The Jenkins crew were familiar with hard rock mining from their native Wales, but this work was different from coal mining. To speed progress, a shaft was sunk 181 feet deep inside Hoffman Mine number 3. From the bottom, the men dug in both directions, giving four working faces, including the exit portals.

The tunnel proceeds in a straight line, except for an 18 degree turn located some 400 feet from the east (exit) portal. The tunnel is a uniform 8 feet in height and width, and follows a downgrade of some 1/3 percent. This put the exit 40 feet lower than the drainage area in the mine, which was more than sufficient for adequate flow. The excavation work proceeded in three shifts per day, involving blasting through hard rock. Working conditions were described as "wretched" due to cold water seepage. The men worked in rubber waders. A pump was added near the exit at the horseshoe curve of the Eckhart Branch of the Cumberland and Pennsylvania Railroad (C&P), to help control the flow. The miners used lard oil lamps for illumination. Drilling for the blasts was done by hand, with a three-man crew. The excavated rock was removed through Hoffman number 3 mine, and dumped on the slate banks.

Later, a mule was lowered into the central shaft, and served there as a draft animal for six months. William Jenkins was in charge of the dynamite and his brother James supervised the digging. They stayed resided at the nearby Clarysville Inn while the work was under way. During the dig, there were only two accidents, and only one man died. The project cost $300,000.
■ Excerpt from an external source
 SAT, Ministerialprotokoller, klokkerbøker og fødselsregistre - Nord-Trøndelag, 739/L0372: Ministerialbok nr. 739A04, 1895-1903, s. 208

The tunnel was punched through on Saturday, July 21, 1906 at 9 pm. It was found to be off by less than three inches. The Frostburg Mining Journal of September 15, 1906, proclaimed, "The Great Work Complete." Inside the mines, the pumps were silenced, and gravity took over to lower the water level. It is estimated that 9,000,000 gallons of water were drained in 24 hours.

==Mining operations==
The impact on the coal workings was immediate. A tremendous amount of coal, previously inaccessible, was now available, and over 50 additional men were employed to work the coal. In addition, working conditions in the mines improved. Thirteen miles of mine drainage ditches fed the tunnel. Observers noted in the Cumberland News of 1906 that the volume of water carried by Braddock Run was ten times greater after the tunnel had been operating for two months. The draining water's red coloration and odor of sulfur was noted as far downstream as Wills Creek in the Narrows.
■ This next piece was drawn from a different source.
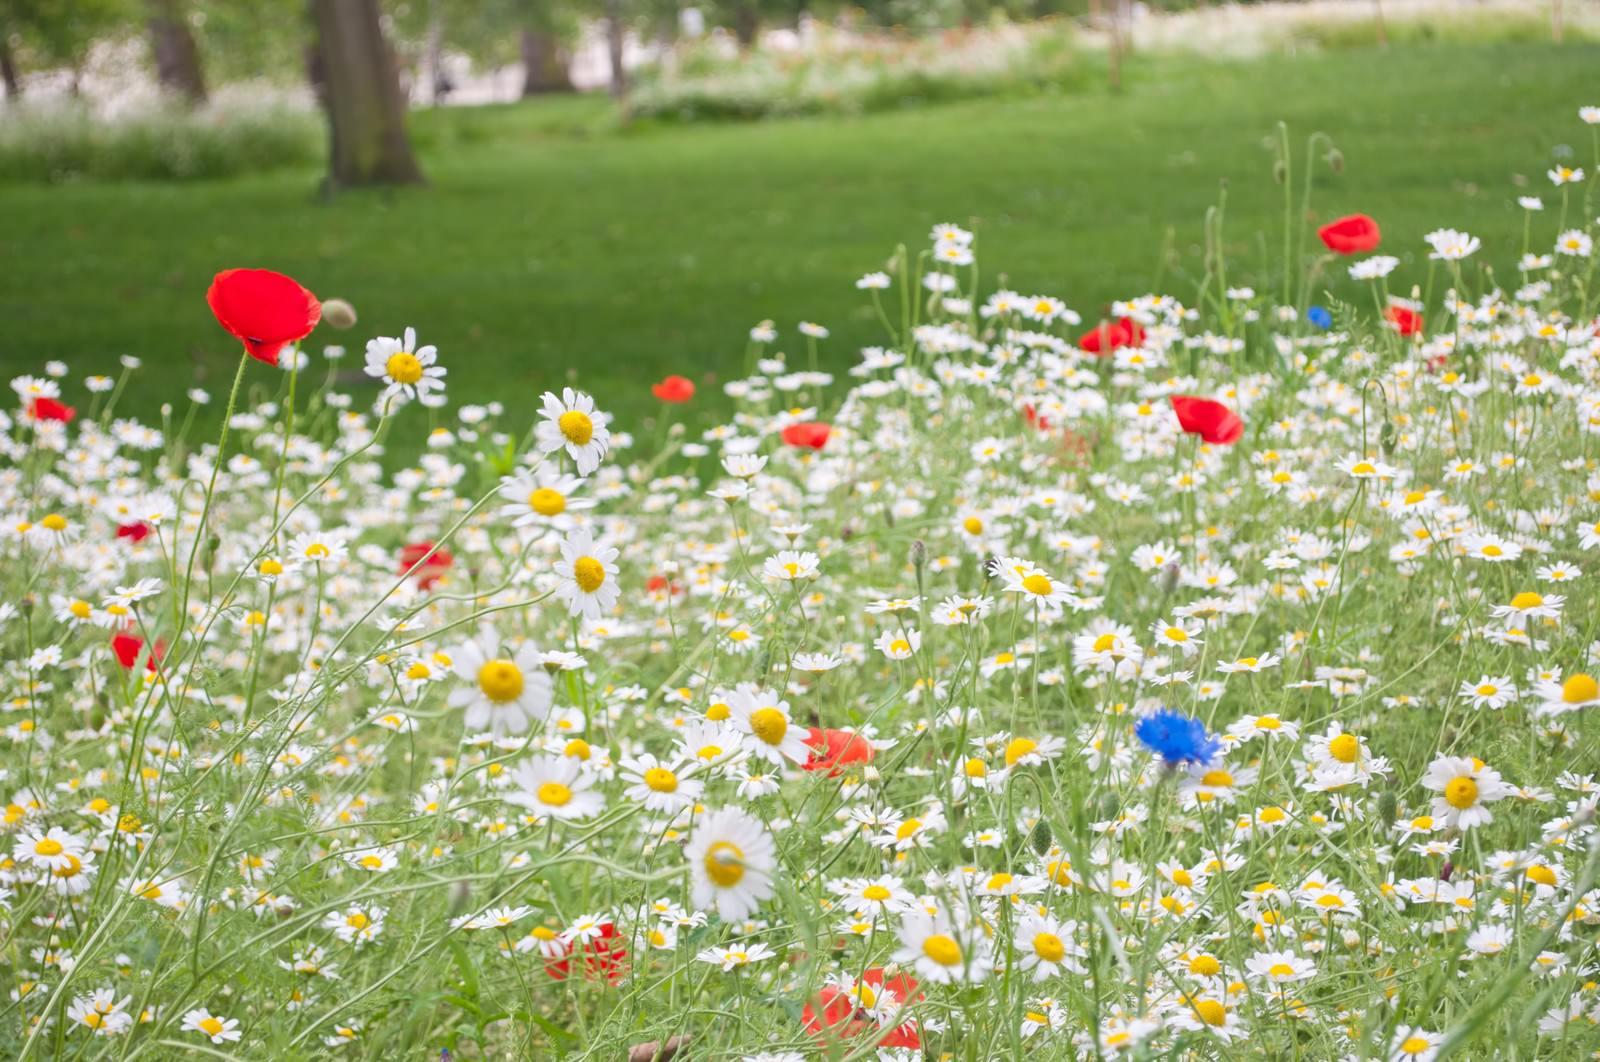 「セントジェームズパークのメドウ花壇」の写真
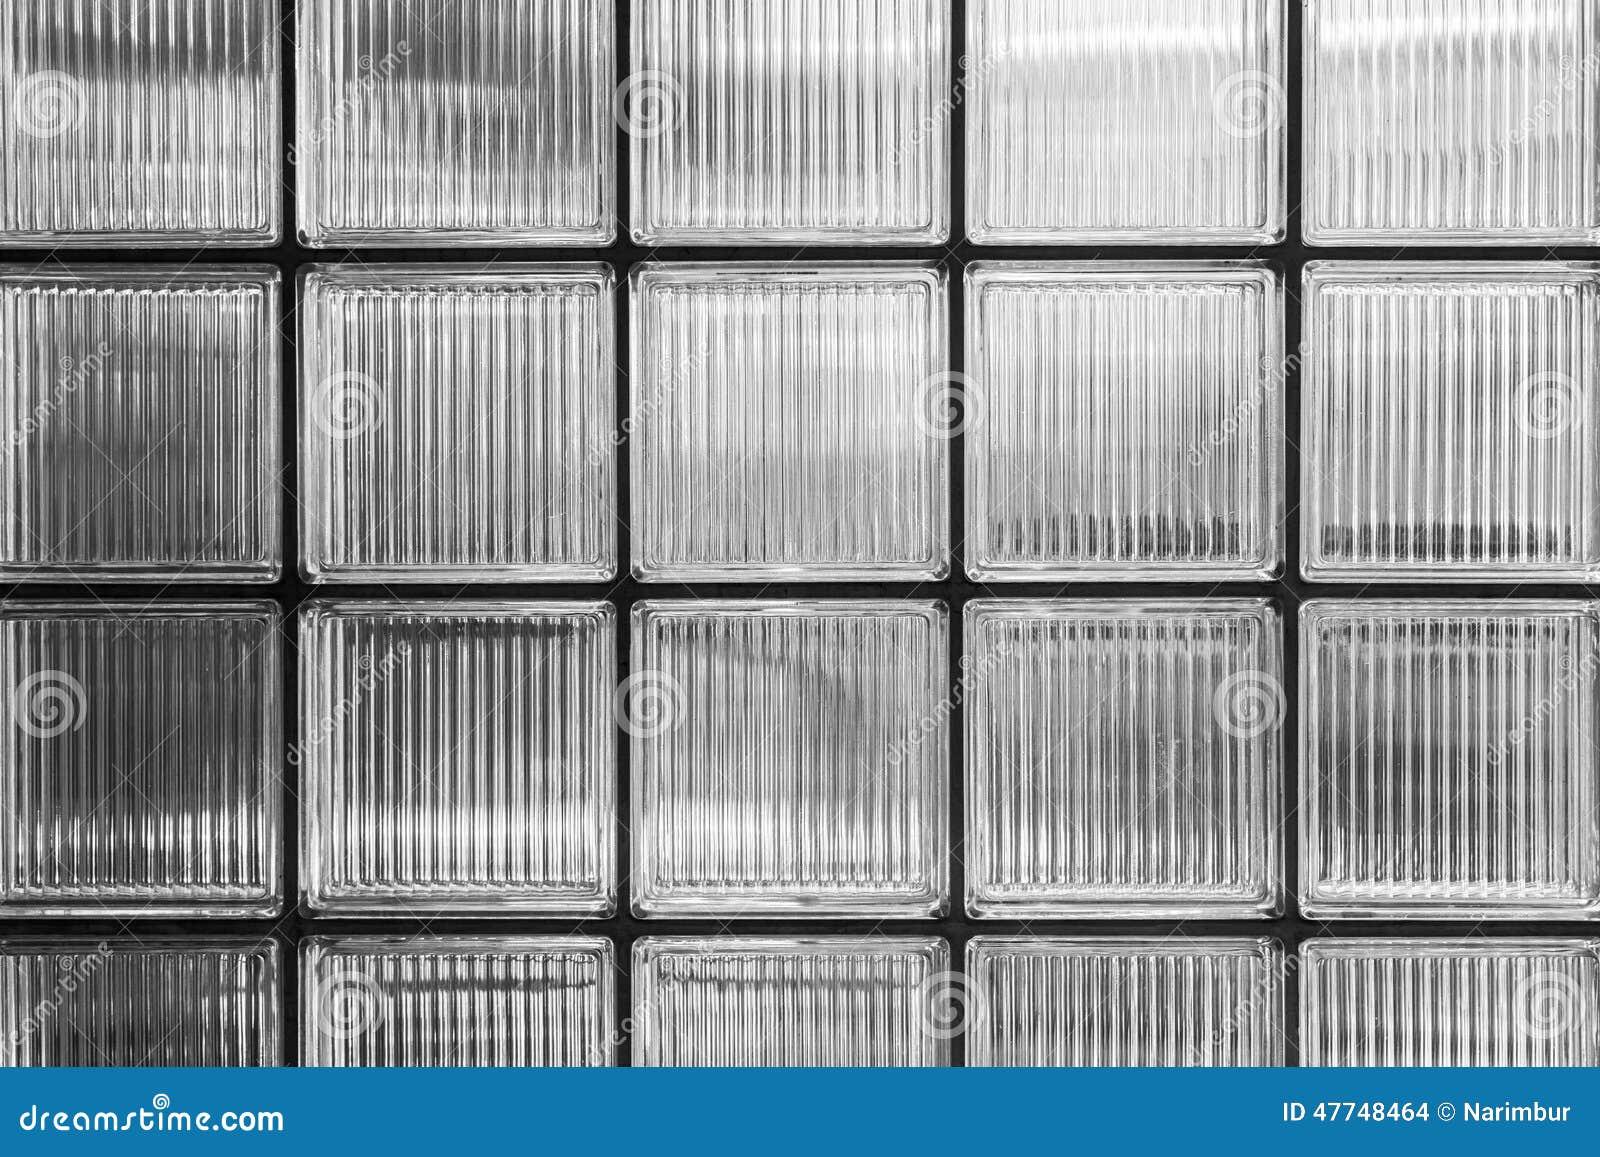 Wand von Glasbausteinen stockfoto. Bild von oberfläche - 47748464

Maintenance continued until about 1953 and the mines closed around 1960. As of February 2000, the concrete portal arch at the east or drainage end was still standing. The overburden upstream for some 30 meters is gone, and some timbering can be seen in the stream bed. The water seems to emerge upward from the end of a blind canyon and flows through the arch. The inscription on the arch can still be clearly read: "1903-1906, Hoffman Drainage Tunnel, Length 2 miles."

==Aftermath==
The east end of the tunnel with its associated concrete arch is located next to one of the bridge abutments that carried the C&P horseshoe curve over the creek at that point. Tunnels such as the Hoffman Drainage Tunnel have been a cause of acid mine drainage. The water flow in February 2000 was quite brisk, with obvious smell of sulfur, but with a decided red tinge to the water.